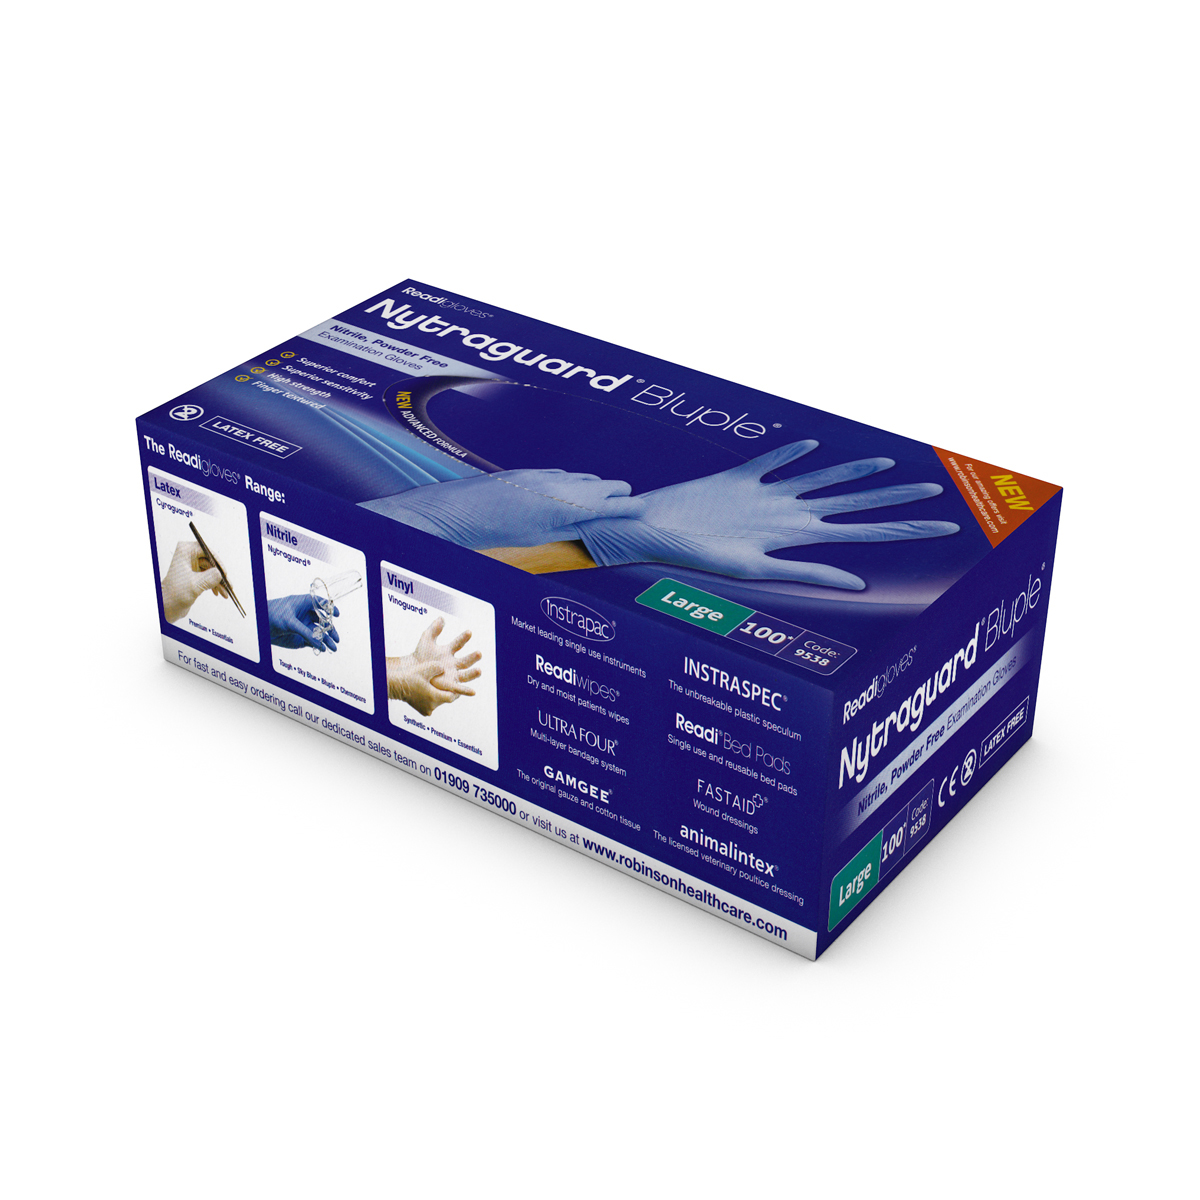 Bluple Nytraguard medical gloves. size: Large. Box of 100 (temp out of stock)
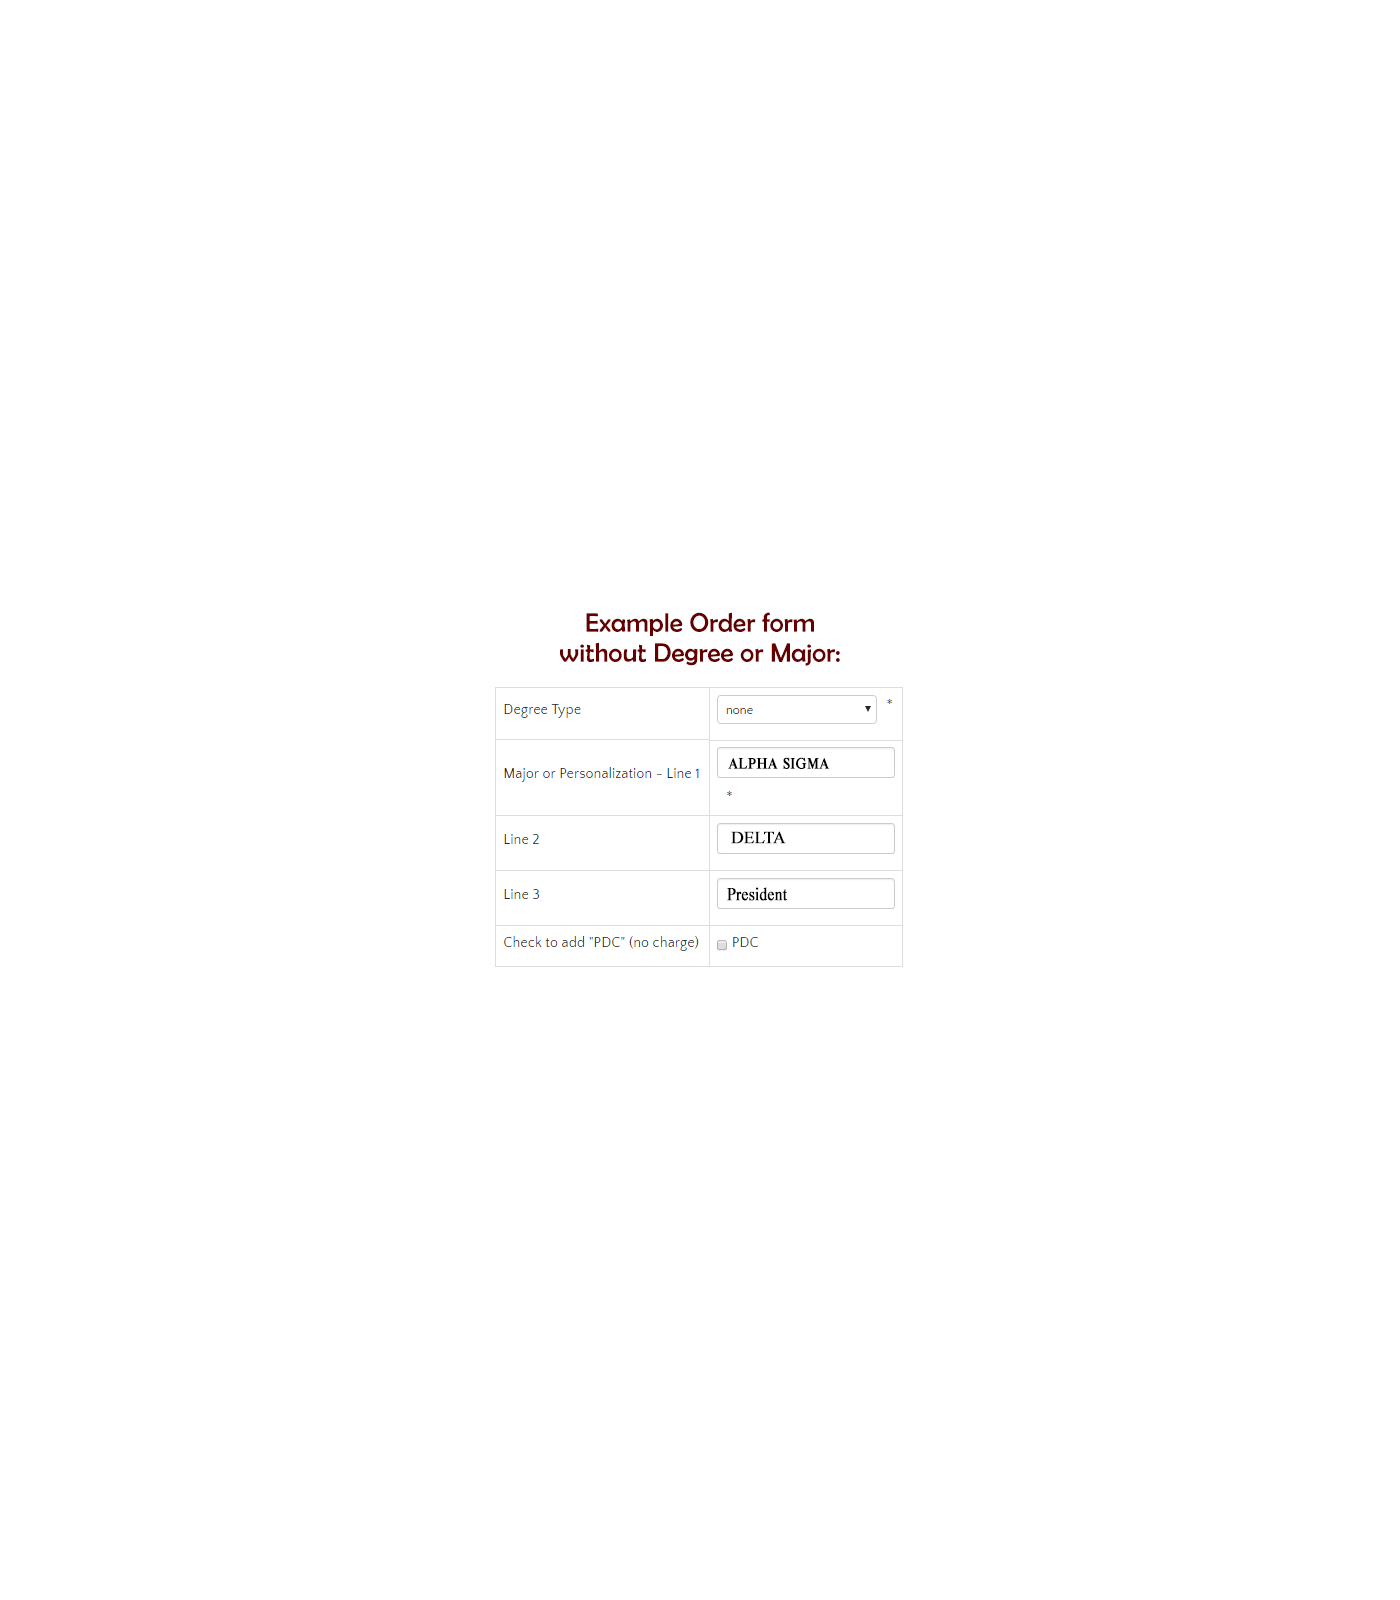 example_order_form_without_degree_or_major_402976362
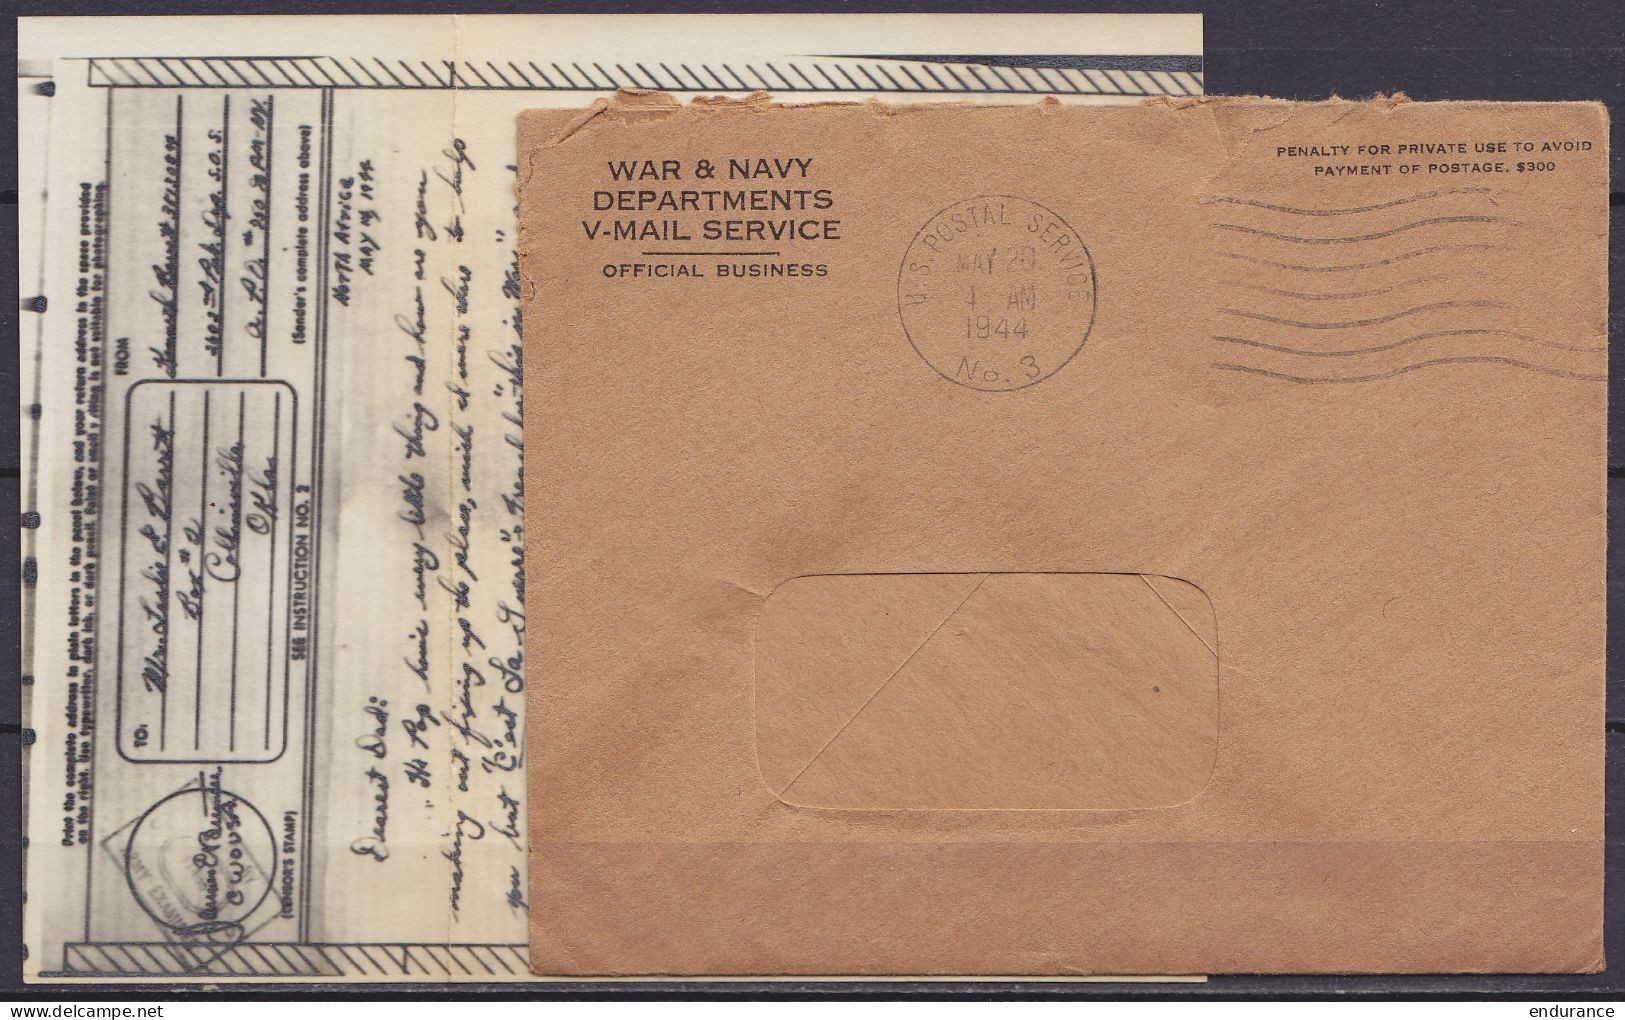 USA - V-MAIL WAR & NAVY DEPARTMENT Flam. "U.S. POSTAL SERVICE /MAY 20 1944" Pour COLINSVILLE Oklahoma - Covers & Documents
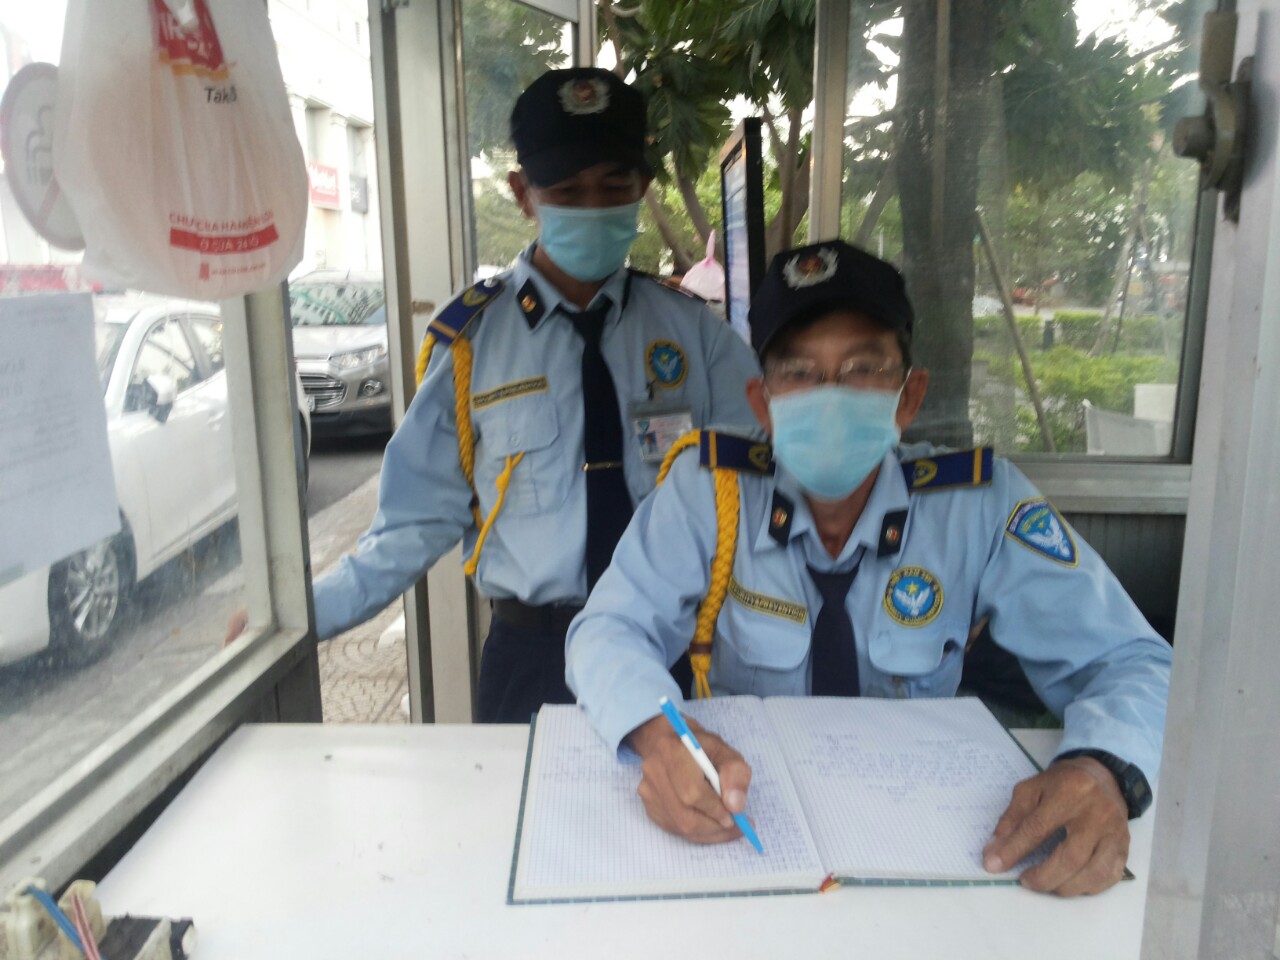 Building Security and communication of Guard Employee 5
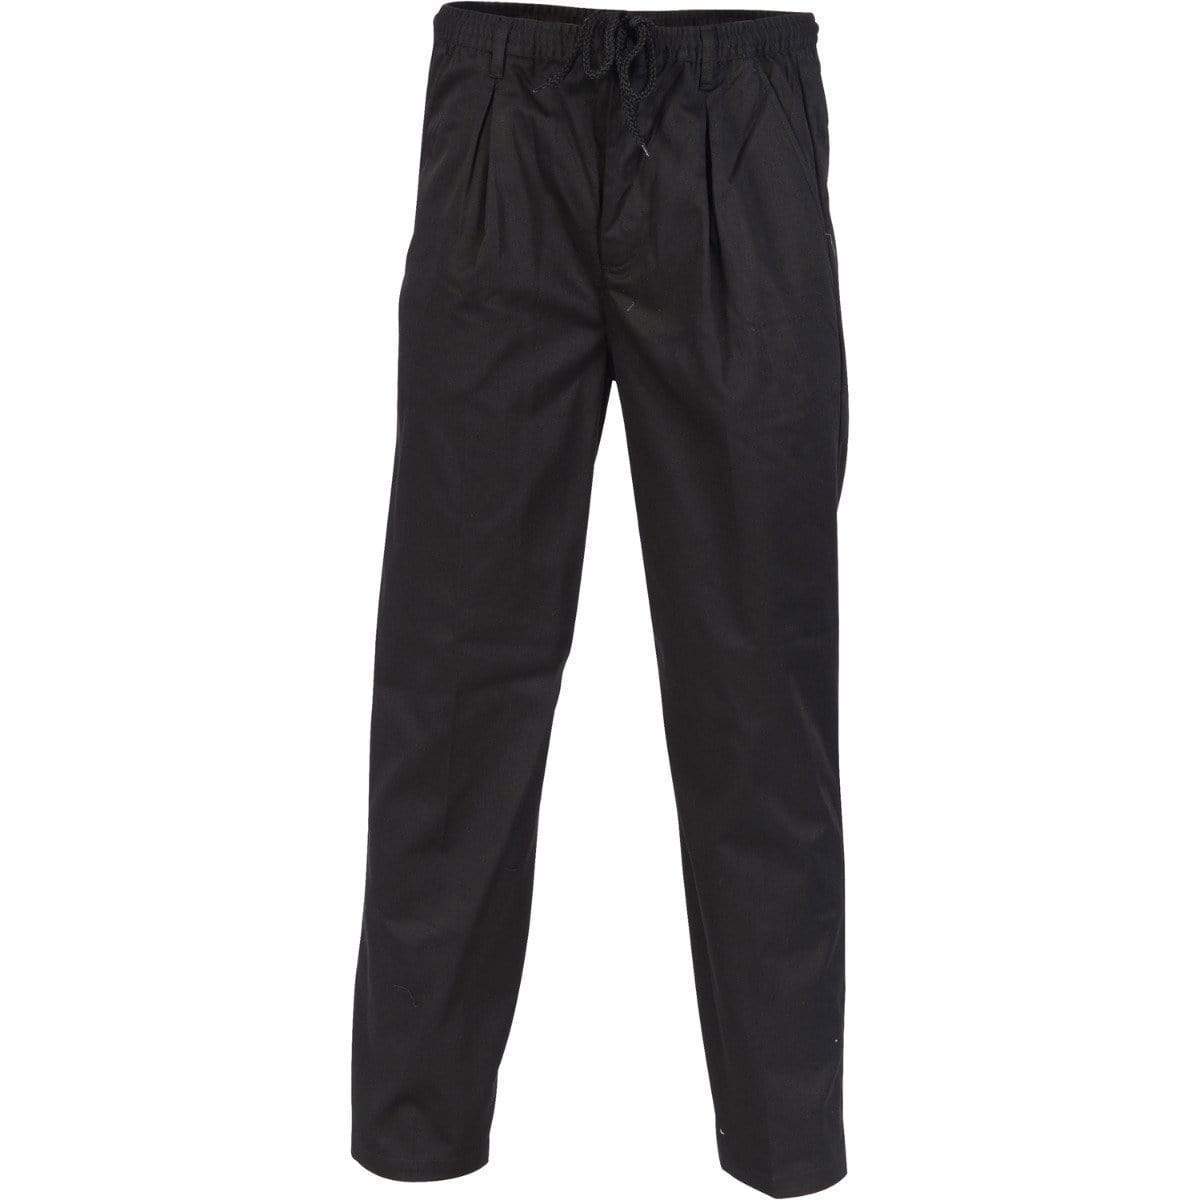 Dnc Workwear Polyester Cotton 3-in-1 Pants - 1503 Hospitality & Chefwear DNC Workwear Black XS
● ● ●
■ **Activity**
Your reply should consist solely of the lines from the one containing "Building Security and" through the last line of the material, reproduced exactly and without pictures.

■ **Solution**
 Building Security and communication of Guard Employee 5
 Dnc Workwear Polyester Cotton 3-in-1 Pants - 1503 Hospitality & Chefwear DNC Workwear Black XS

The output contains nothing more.